# Have I damaged my carpet?



## Immortal Tekniq (Mar 11, 2009)

Hi guys,

My footrest pedal area was looking a bit grimy, see first picture below:


bulk image uploader

So I used a wet vac and now the carpet fibres seem to be long? Please see picture below:


bulk image upload

Does this look ok or??? If not is there anything I can do to make it look better?
Any help appreciated!


----------



## Caledoniandream (Oct 9, 2009)

Wait until it is 100% dry and than brush it with a furniture brush.
When it all lays flat again it will look more normal.


----------



## Immortal Tekniq (Mar 11, 2009)

Caledoniandream said:


> Wait until it is 100% dry and than brush it with a furniture brush.
> When it all lays flat again it will look more normal.
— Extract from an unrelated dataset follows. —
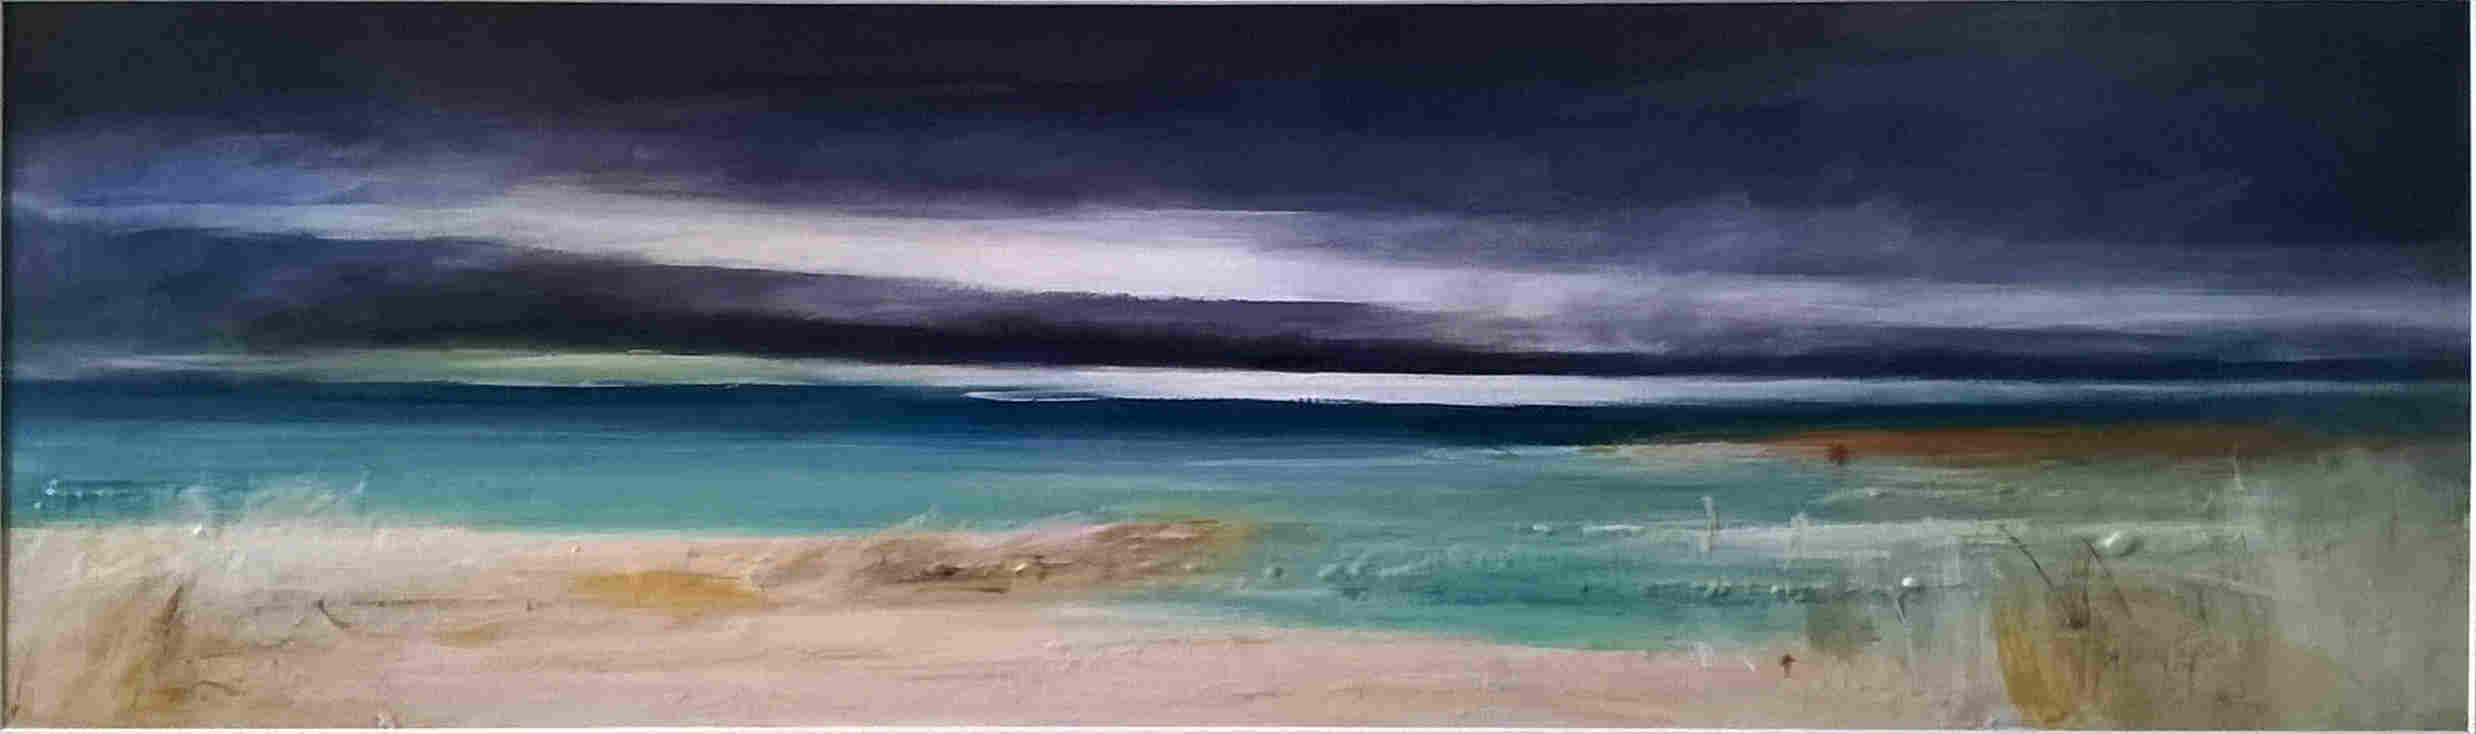 'Harris, Western Isles' by artist Pamela Dawson Taylor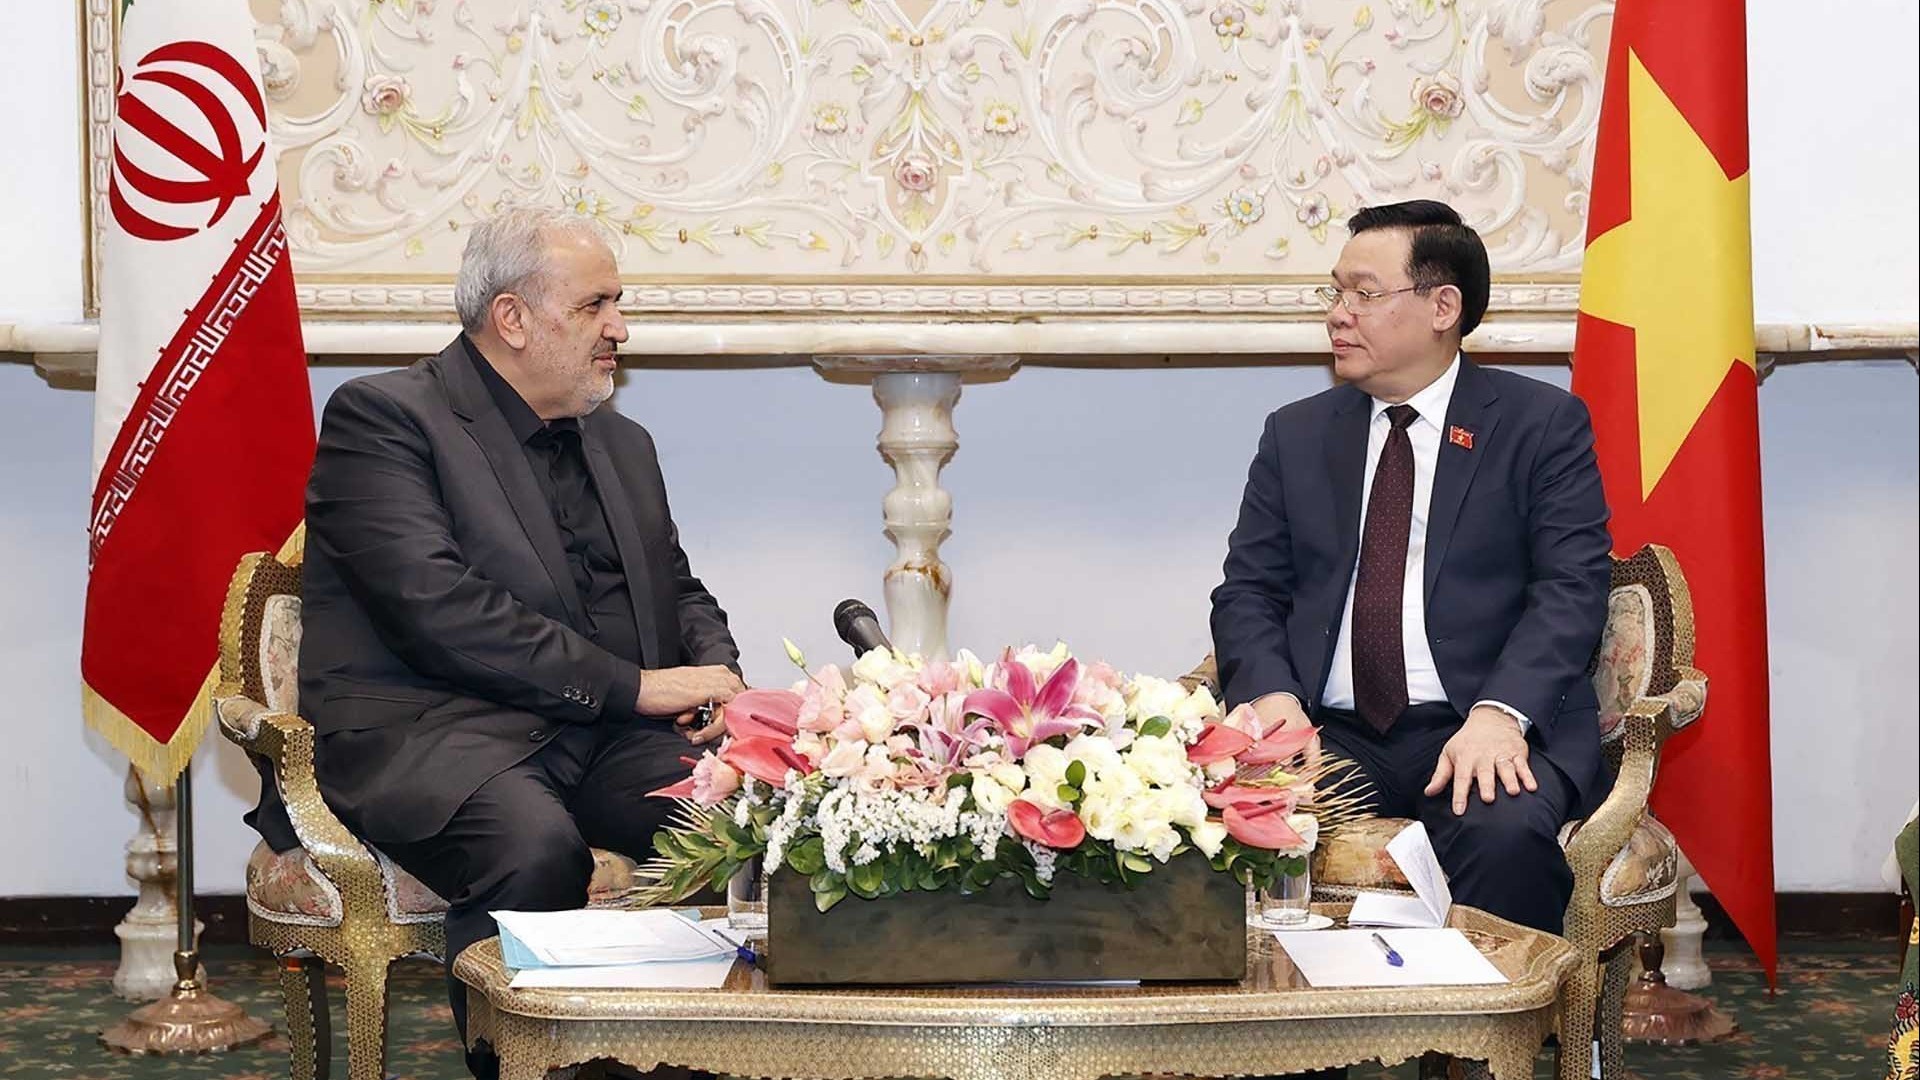 Hợp tác kinh tế, thương mại là lĩnh vực luôn được lãnh đạo Việt Nam-Iran hết sức quan tâm

What does a furniture brush look like?!


----------



## scooobydont (Feb 25, 2017)

https://lmgtfy.app/?q=furniture+brush


----------



## digitaluk (Apr 13, 2012)

Agreed with the above. Just needs to dry and be brushed


----------



## ReflectionHD (May 7, 2021)

Immortal Tekniq said:


> Hi guys,
> 
> My footrest pedal area was looking a bit grimy, see first picture below:
> 
> ...


Hi, you have stretch the pile of the carpet do what Caledoniandream said and wait until its completely dry and brush it might not got back to how it was but will defiantly look better. :thumb:


----------



## The happy goat (Jun 26, 2019)

My hair looks longer when wet!


----------



## Soul boy 68 (Sep 8, 2013)

Just give it a trim with a pair of scissors. :lol: Joking aside it should flatten out when fully dry and probably when your foot catches the fibers.


----------



## Soul boy 68 (Sep 8, 2013)

scooobydont said:


> https://lmgtfy.app/?q=furniture+brush


:lol::lol:


----------